Notice his ad hominem flavored attack. Two keywords are depravity and slavemaster, and these are keyed to make the opposing side, the pro-choice side, distasteful and worthy of hate. The reason to use such an attack can be tactical – meaning, This argument is weak so I better distract the reader with some flash. He’s using analogy to push along the ad hominem against the pro-choice, and this is where he’s made a critical error, in the fourth part, above. There should be no doubt, given the performance of former enslaved people and their descendants, that proclamations of their inferiority, as found in the speeches of Jefferson Davis and other prominent Southern politicians, were little more than political hot air by men and women who cared more for wealth and power than justice. That’s the basis of the ad hominem, but it breaks down under examination. They can’t survive off the plantation was, of course, false. They can’t survive outside the womb?

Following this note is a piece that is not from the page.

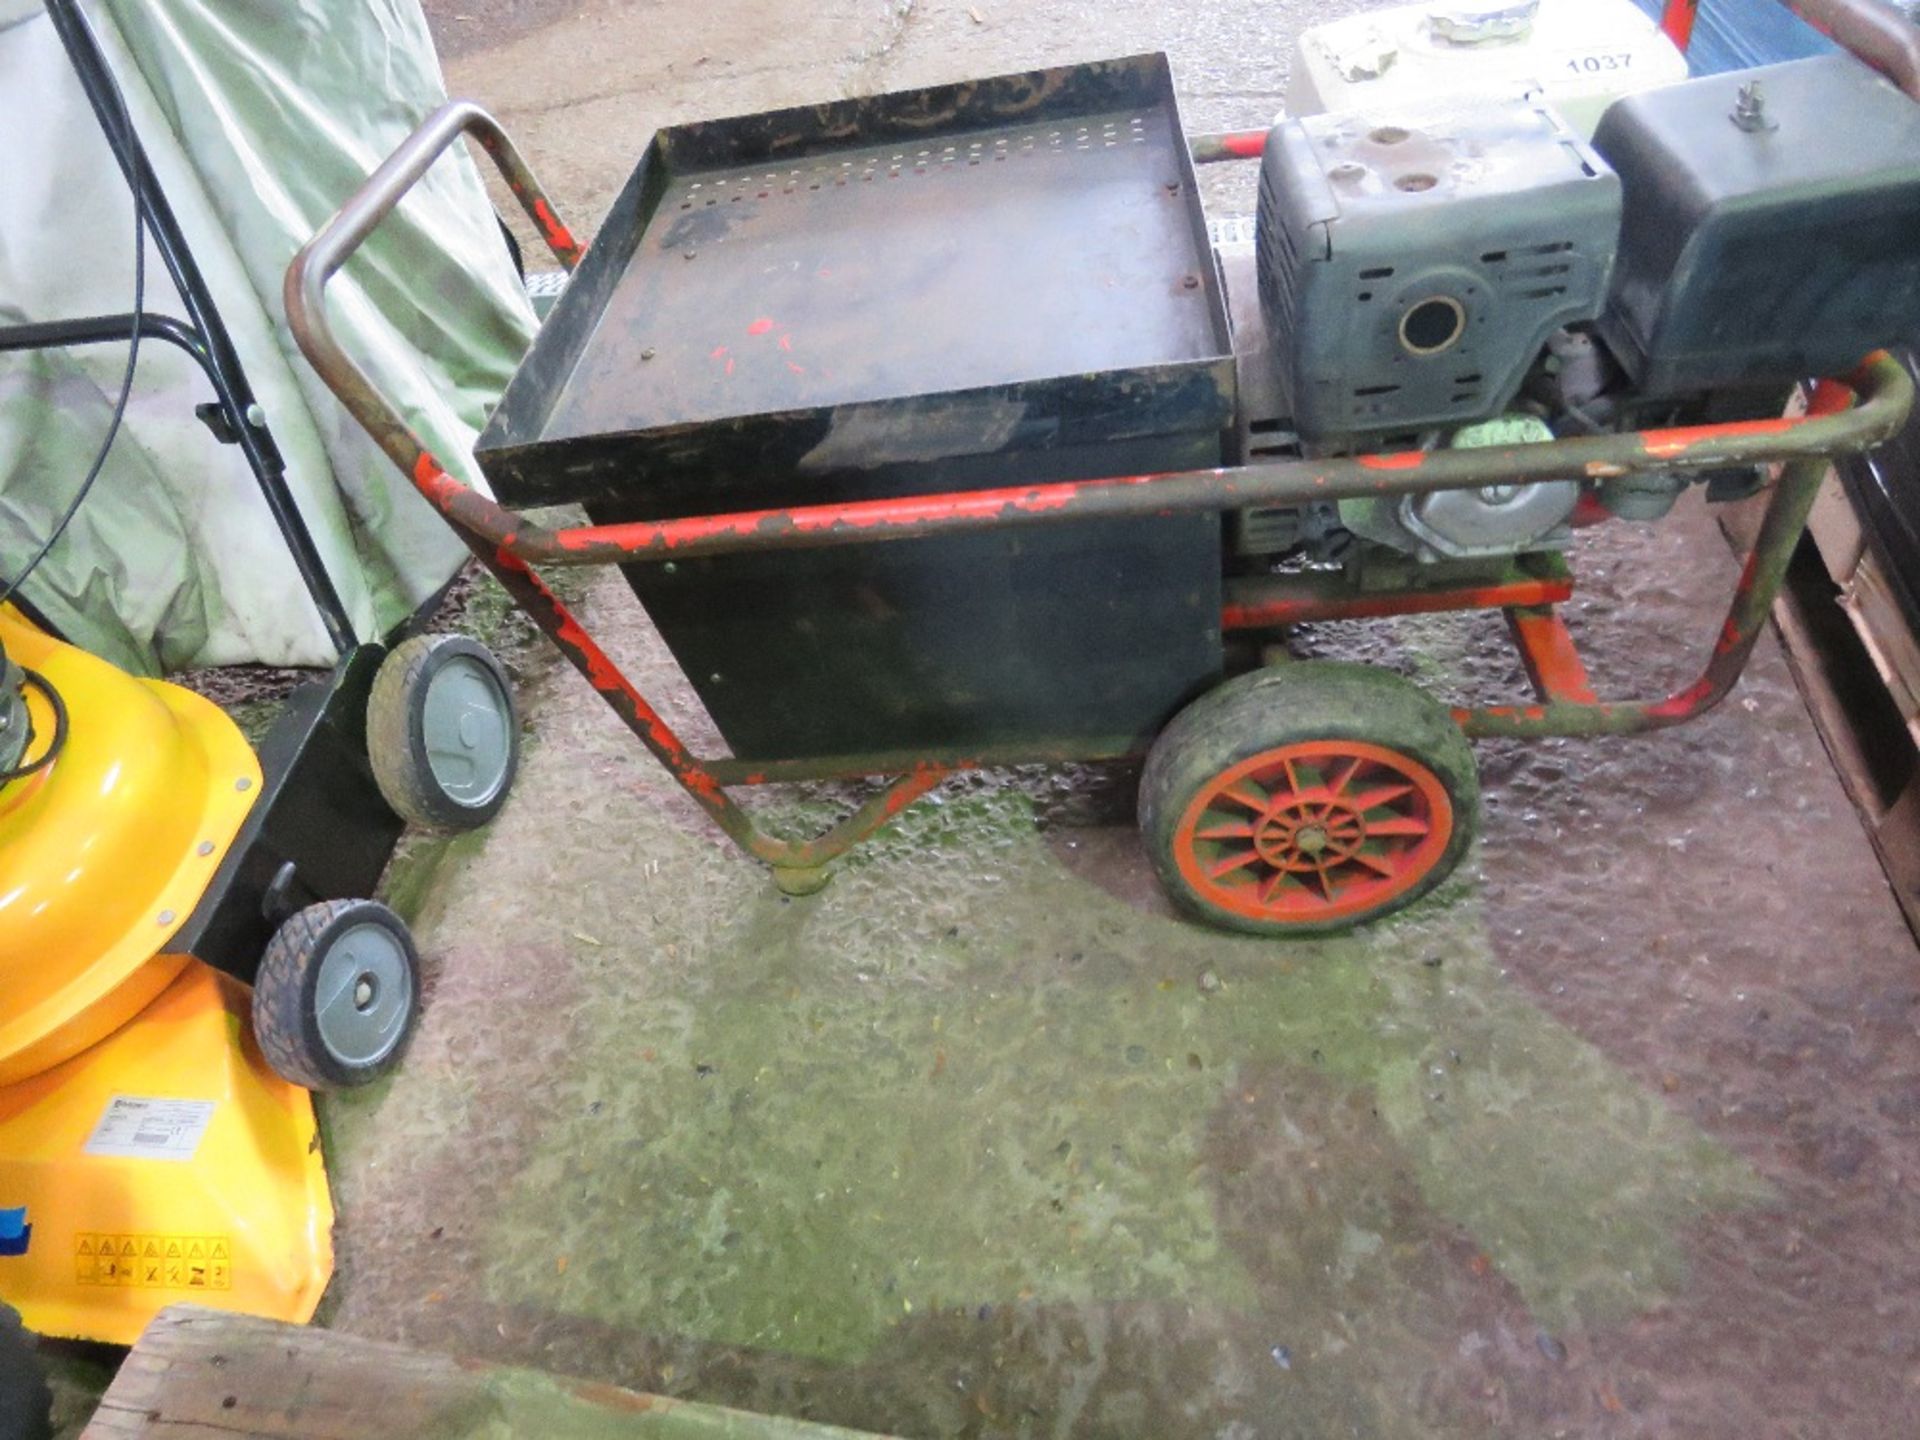 HONDA ENGINED WELDER GENERATOR. WHNE TESTED WAS SEEN TO RUN, OUTPUT UNTESTED. - Image 2 of 4

No, a fetus can’t. Take a fetus out of a woman’s womb prior to reaching term, dump it on a lactating woman’s breast, and, depending on its age, it’ll die immediately to a few minutes later. That term baby, on the other hand, will, barring certain tragic medical problems inherent in the messy business of being biological, happily suckle and, with luck, go on to prosperity.
This lack of biological severability serves to differentiate the fetus from the infant; but it is a magnitude greater than that between adult and the immature. To call a fetus a baby is simply an intellectual error; to call it an unborn baby is to heap deeply dishonest propaganda on top of that intellectual error.
But medically we can save that fetus taken early from the mother’s womb, you say? It doesn’t matter. We have grown human ears on the backsides of rats – does that make them human? The test here isn’t what medical miracles can be used to heroically save the premature, but the natural flow of events. Upon that is based morality. And, yes, the SCOTUS test of viability is wrong.
Erickson’s failure here also validates the statements he seeks to bring to grief. Yes, it is her body. Yes, a fetus is not human, seeing as, depending on age, it lacks a brain, a heart, other recognizable internal organs, and it’s totally and completely dependent on the woman and her health to survive. It has no independent life nor, until near the end, thought.
And, no, abortion is not depravity. It doesn’t matter how much ad hominem is deployed. Erickson, in the midst of attempting to condemn abortion through association with the ignoble arguments for slavery, has instead bolstered the argument on the pro-choice side of the issue because of unclear thinking, a faulty analogy, an eagerness to employ ad hominem, and a dependence, conscious or not, on confirmation bias.
This is why it’s so hard to take Erickson seriously sometimes.